The plots break, because in the diu$Abundances tables, both conditions have gained three ghost columns (V1, V2, V3) with just NA values. This messes up the restructuring of the data for plotting.

@Tang-pro This should fix the data for plotting purposes:

diu$Abundances$condA <- diu$Abundances$condA[, !grepl('^V', names(diu$Abundances$condA)), with = FALSE]
diu$Abundances$condB <- diu$Abundances$condB[, !grepl('^V', names(diu$Abundances$condB)), with = FALSE]

I still need to figure out how those ghost columns got added.

fruce-ki commented 3 months ago

I was suspecting an issue with the column names of the abundance tables, but renaming them with simple safe names does not fix the problem.

To verify if it is new behaviour from an R or package upgrade, I tested it with the endogenous data emulator:

S <- sim_count_data()
dtu <- call_DTU(annot = S$annot, 
                count_data_A = S$counts_A, 
                count_data_B = S$counts_B, 
                scaling = 1, verbose = FALSE, dprop_thresh = 0.2)

dtu$Abundances$condA[parent_id == 'MIX', ]
dtu$Abundances$condB[parent_id == 'MIX', ]

plot_gene(dtu, "MIX")
plot_gene(dtu, "MIX", style = 'byisoform') 

No ghost columns are added to the emulated data and the plot works fine.
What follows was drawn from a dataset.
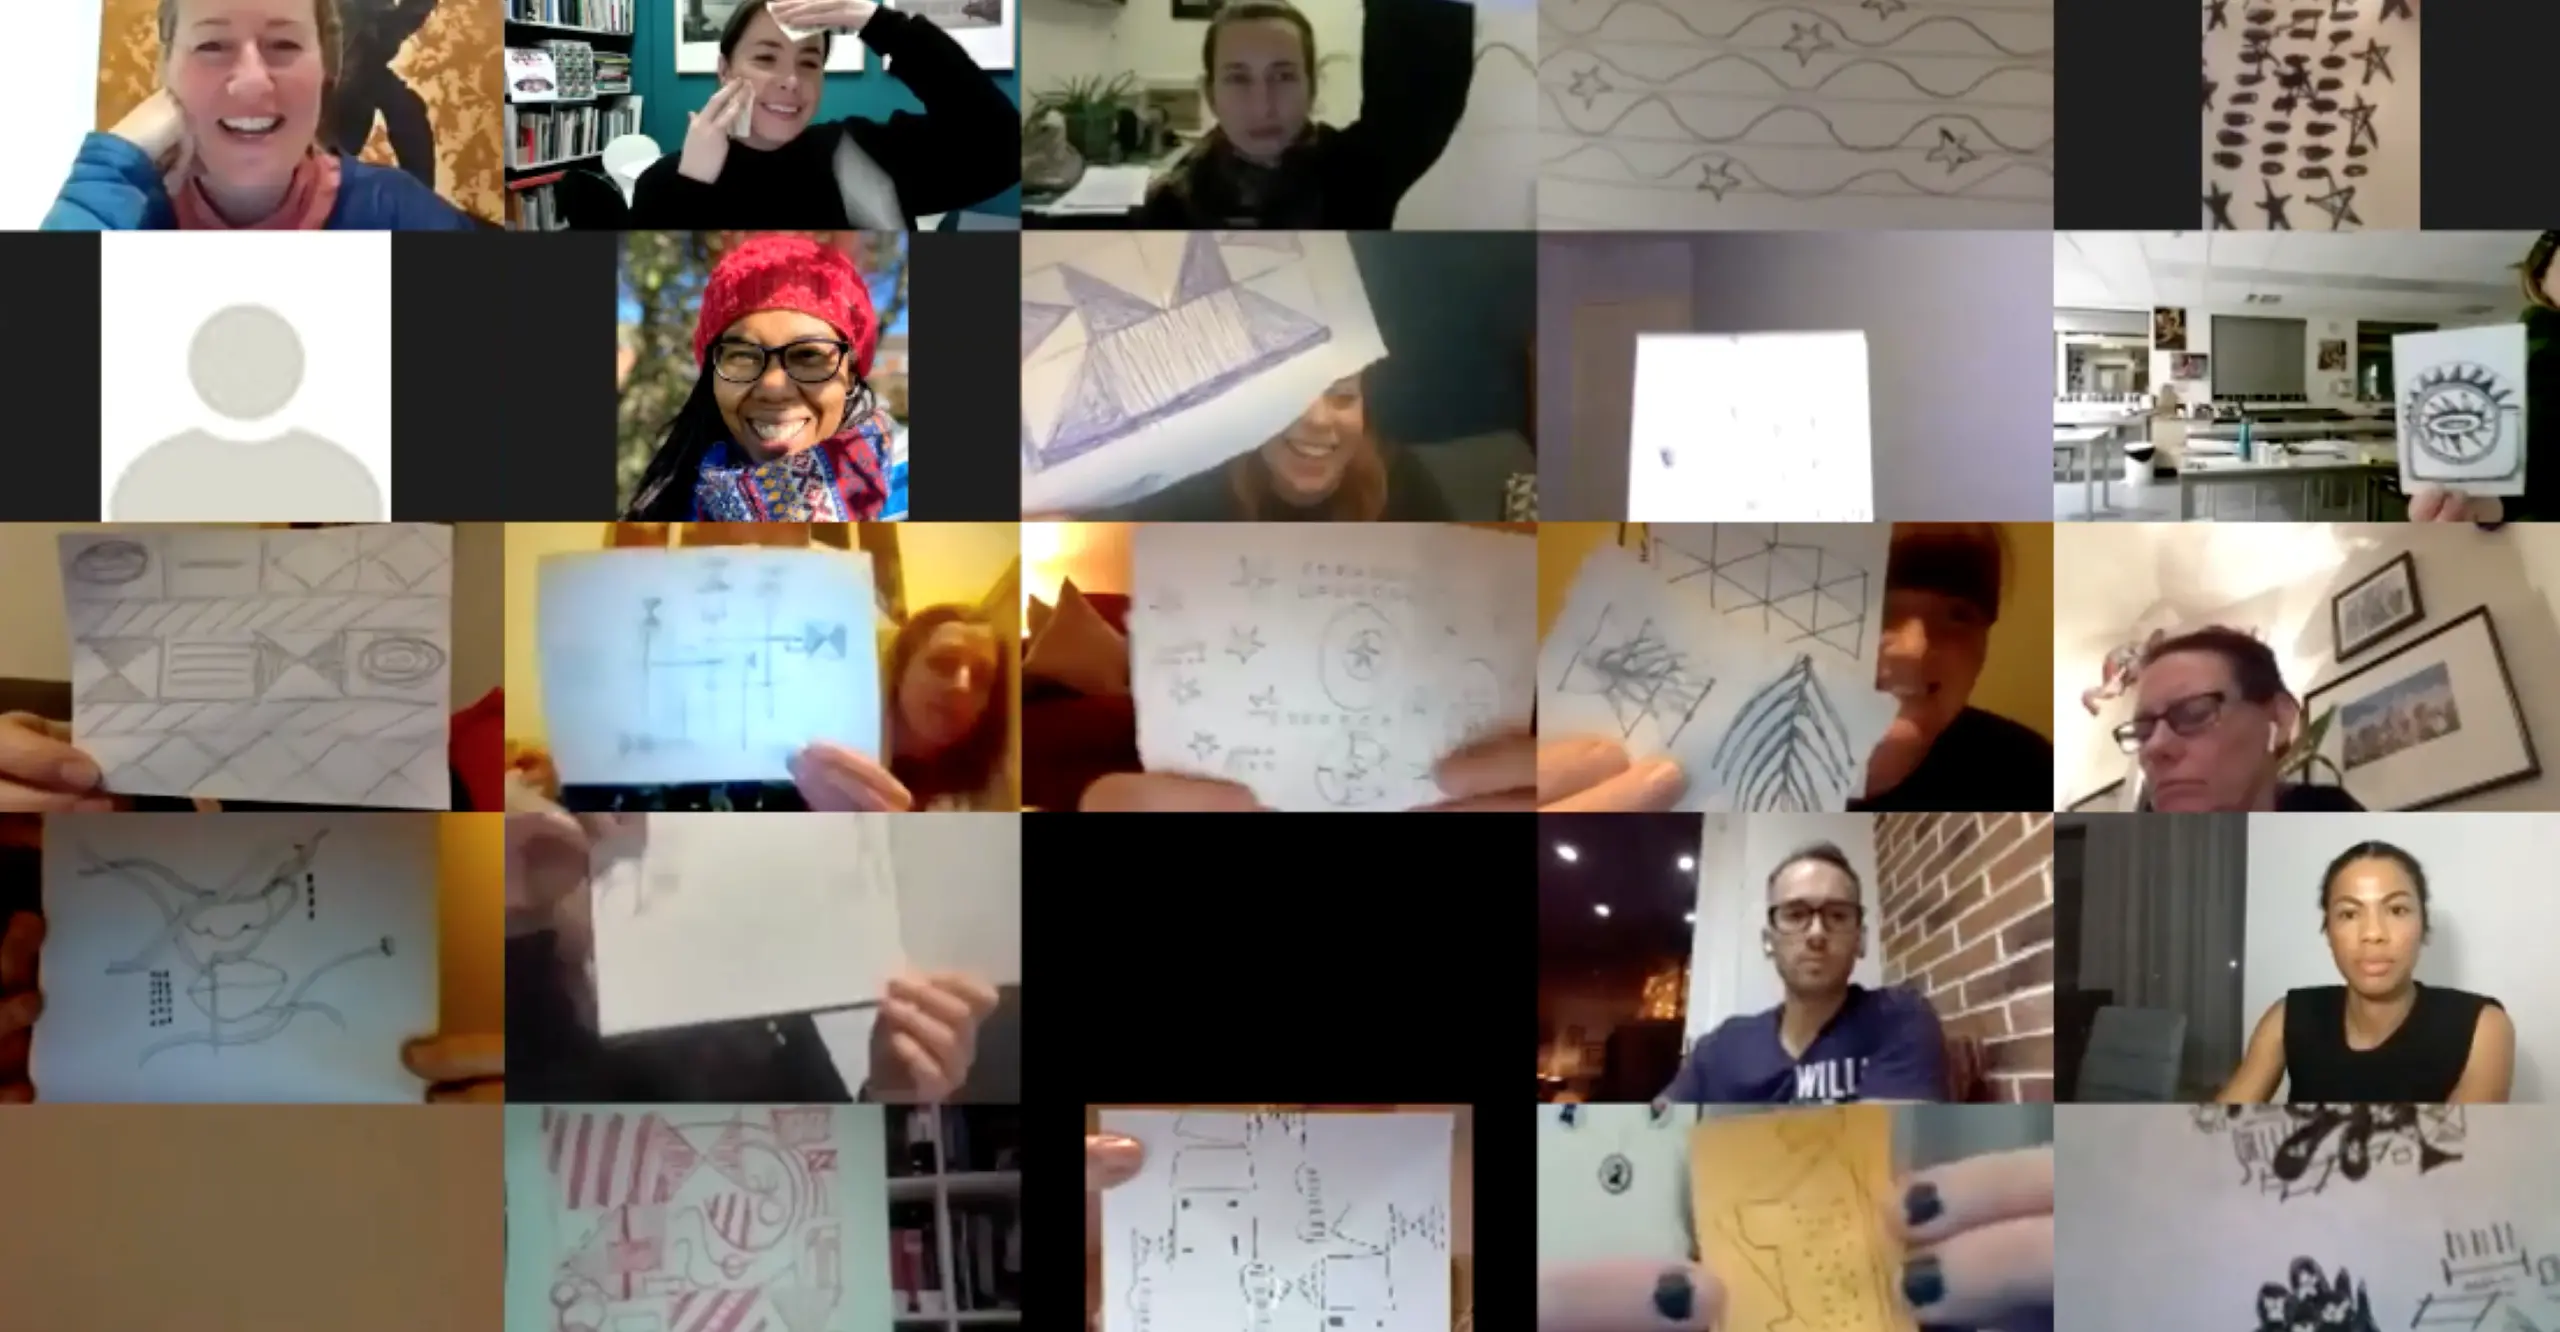 Screenshot from zoom, participants holding up their drawings

So it does not appear to be an inherent new behaviour of RATs caused by a dependency upgrade.

Whatever is causing these ghost columns, it seems to be specific to the annotation/data files used here. But the cause is not obvious to me just by looking at them. The formatting looks normal and as mentioned above the column names are not the culprit.

I would like to understand what is causing this, so that in the future I can prevent it. But as this is not currently my contracted project, I cannot promise when I can look into it further.

Tang-pro commented 3 months ago

Hi, @fruce-ki Thank you very much for your detailed reply, maybe I will need to spend some time researching it. Best!